Both Zayed and Rashid travelled independently to London to ask the British to reconsider or to at least accept British forces remaining if their cost were subsidised. British Secretary of State for Defence Dennis Healey refused the request, telling the BBC TV programme Panorama that he disliked the idea of being ‘a sort of white slaver for Arab sheikhs’, a comment for which he was later forced to apologise.

== Meeting ==
On 18 February 1968, Zayed and Rashid met in a tent pitched at Argoub Al Sedira. They were each accompanied by a small number of retainers and were served ghawa, Arabic coffee, by Rashid's son Mohammed bin Rashid Al Maktoum as they talked. Two tents were erected: one for the meeting and one for the followers and for preparing coffee and food. The meeting began late in the morning.

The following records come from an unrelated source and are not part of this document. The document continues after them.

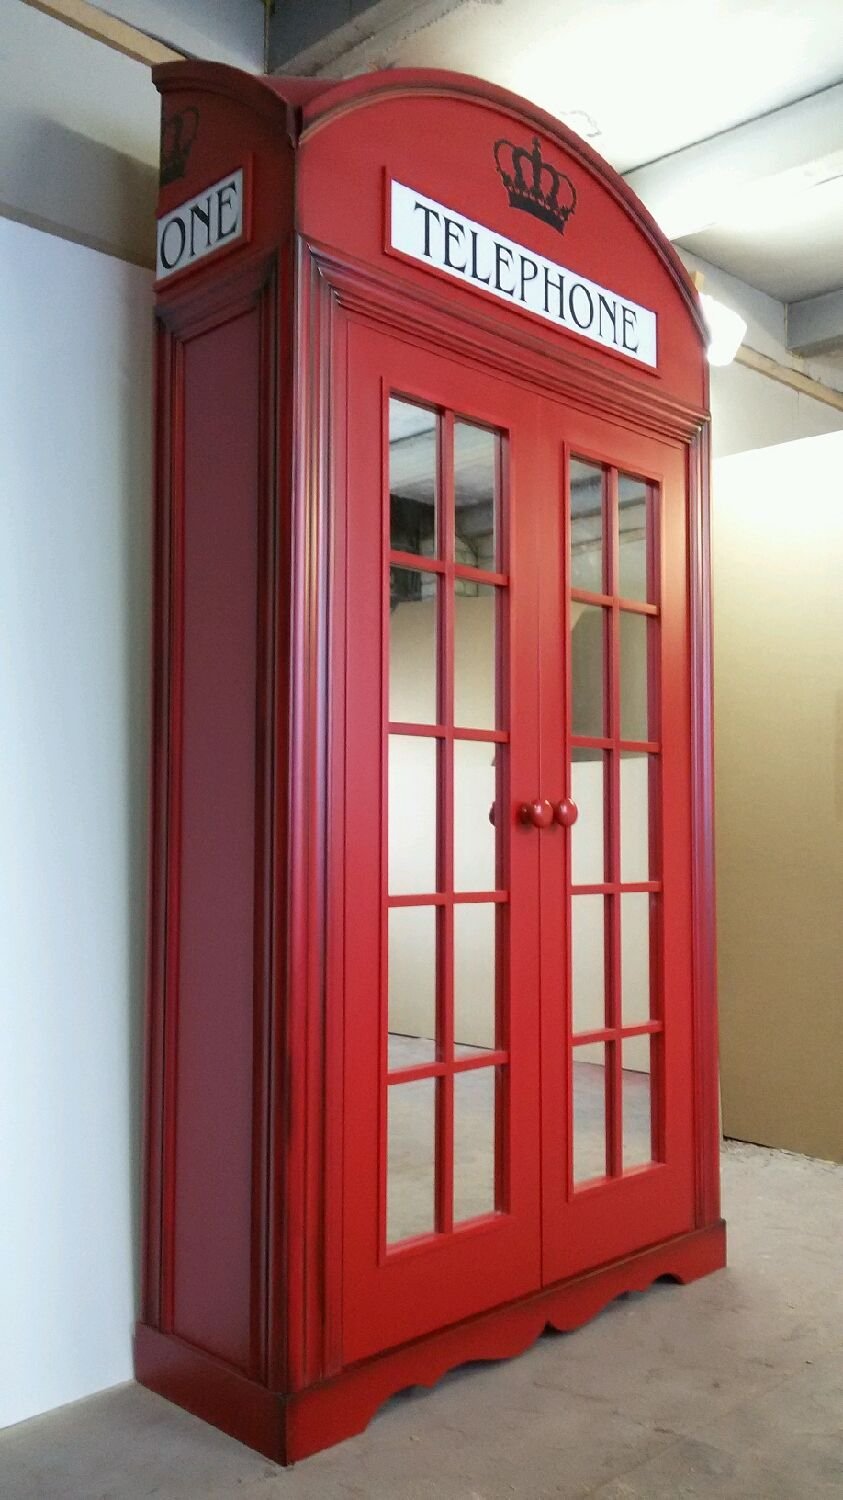 Шкаф-витрина London telephone, 49х49х139
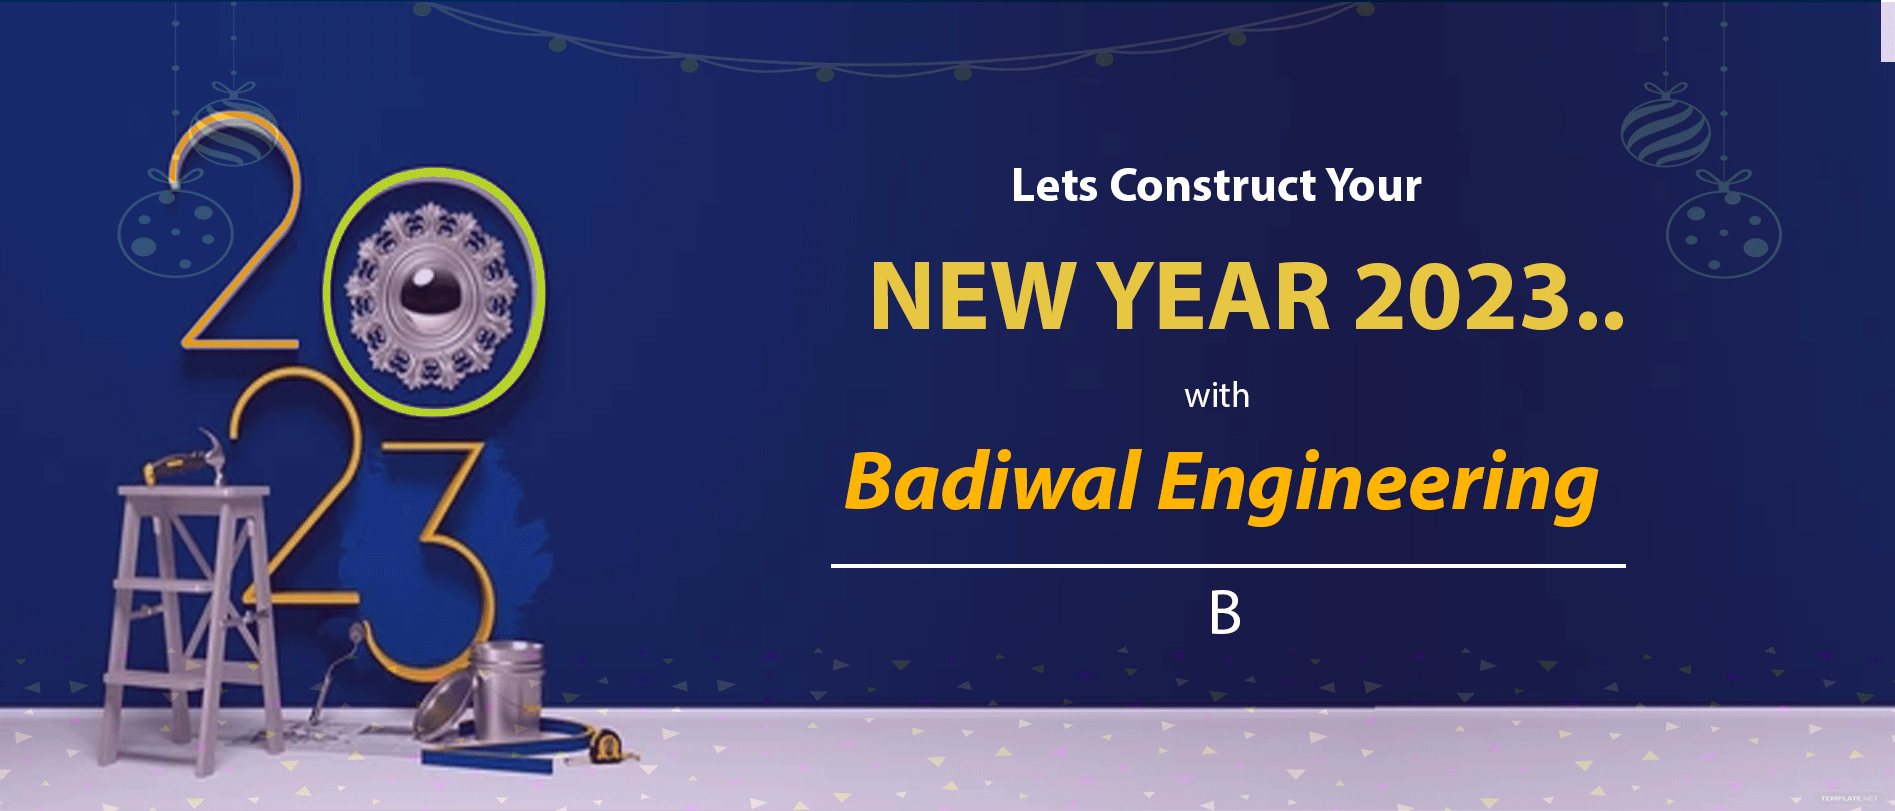 New Year at Badiwal Engineering
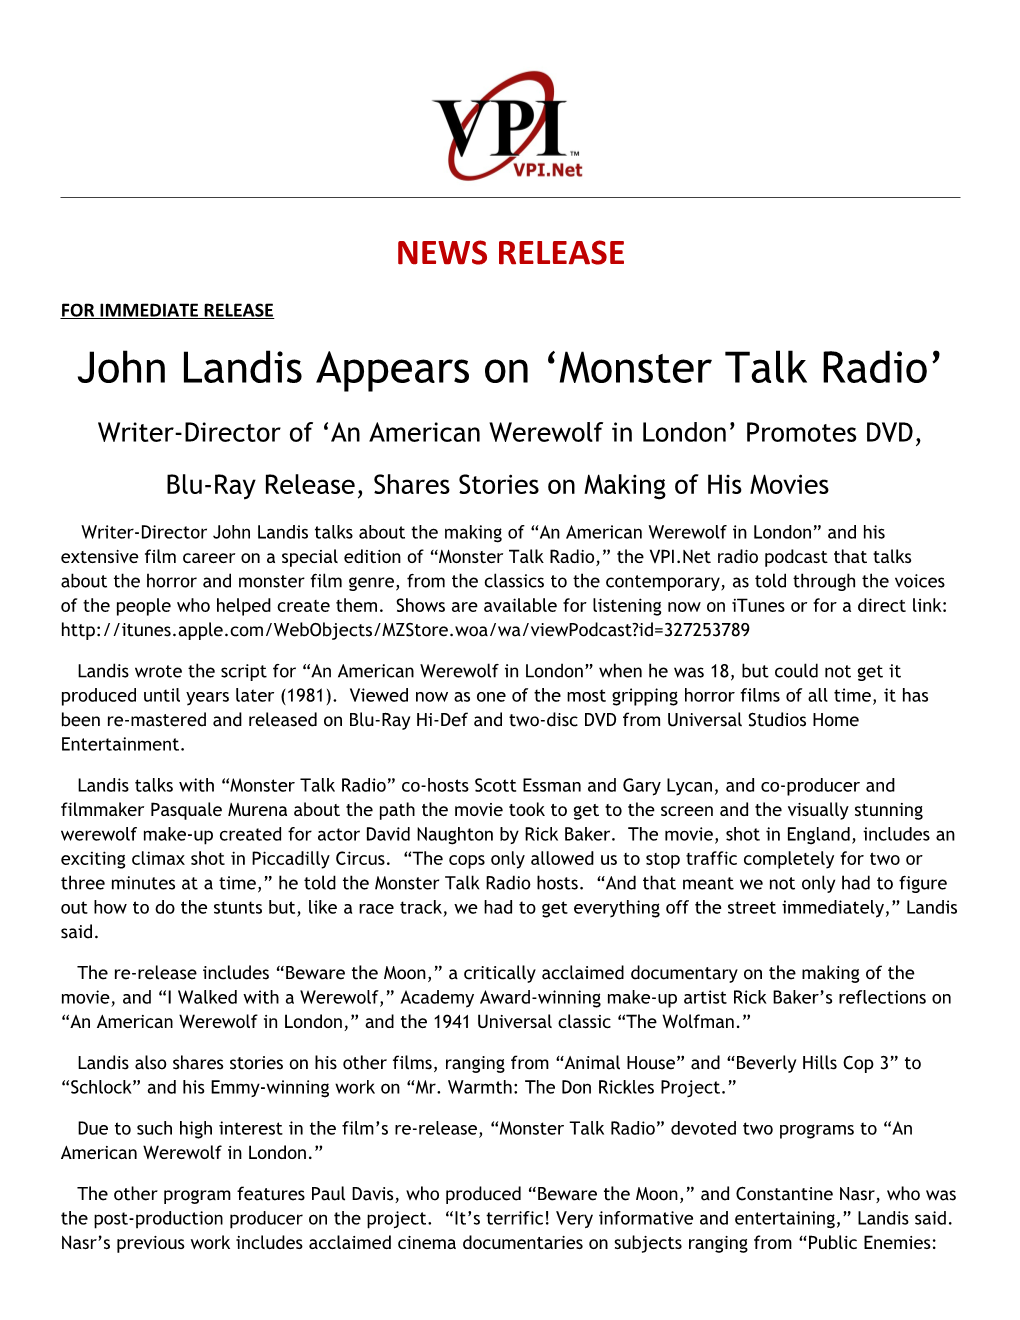 John Landis Appears on Monster Talk Radio

There were a number of outstanding issues to be settled between the two rulers, despite their personal regard for each other: Dubai and Abu Dhabi had been in a state of open warfare as recently as twenty years prior, following an incursion by Dubai in the area of Khor Ghanadah which had been thwarted by the British because the action broke the 1953 Maritime Truce. Zayed's predecessor, his brother Sheikh Shakhbut bin Sultan Al Nahyan had subsequently encouraged tribes loyal to Abu Dhabi to attack those loyal to Dubai under Rashid's father, Sheikh Saeed Al Maktoum, and following an attempted peace settlement had not paid his men, leading to a resumption of raiding on a wide front between tribes loyal to the two Sheikhdoms. Zayed had in fact attempted to mediate in that conflict but the border between the two Sheikhdoms had been disputed since.

After a long negotiation at Argoub Al Sedirah, the two rulers agreed on the border between their respective emirates and on the principle of a Union. Zayed would be president and they would invite the other Trucial States to join the Federation. The two men shook hands to seal the agreement between them.

A subsequent meeting took place on 25 February 1968 with the rulers of the other five Trucial States and on 27 February 1968 the intention to found a ‘Federation of the Arab Emirates’ was announced to media. Bahrain and Qatar were invited to join the Federation and commenced negotiations but took very different approaches to the Trucial Rulers, who had been used to working together on the Trucial States Council: Bahrain held out for representation on the basis of population (it was, at the time, the most populous of the potential members of the Federation), while Qatar proposed that the smaller Northern Trucial States be amalgamated into a single political entity, the 'United Coastal Emirates' in order to create a five-member Federation of Bahrain, Qatar, Abu Dhabi, Dubai and the UCE.

Following arduous negotiations in which Bahrain and Qatar withdrew from the proposed Federation and unilaterally declared their independence, the United Arab Emirates was founded with the signing of a preliminary constitution at Union House in Dubai on 2 December 1972. A number of key meetings between the Trucial Rulers that took place leading up to the Union were held at Sheikh Zayed's farm in Al Khawaneej in Dubai.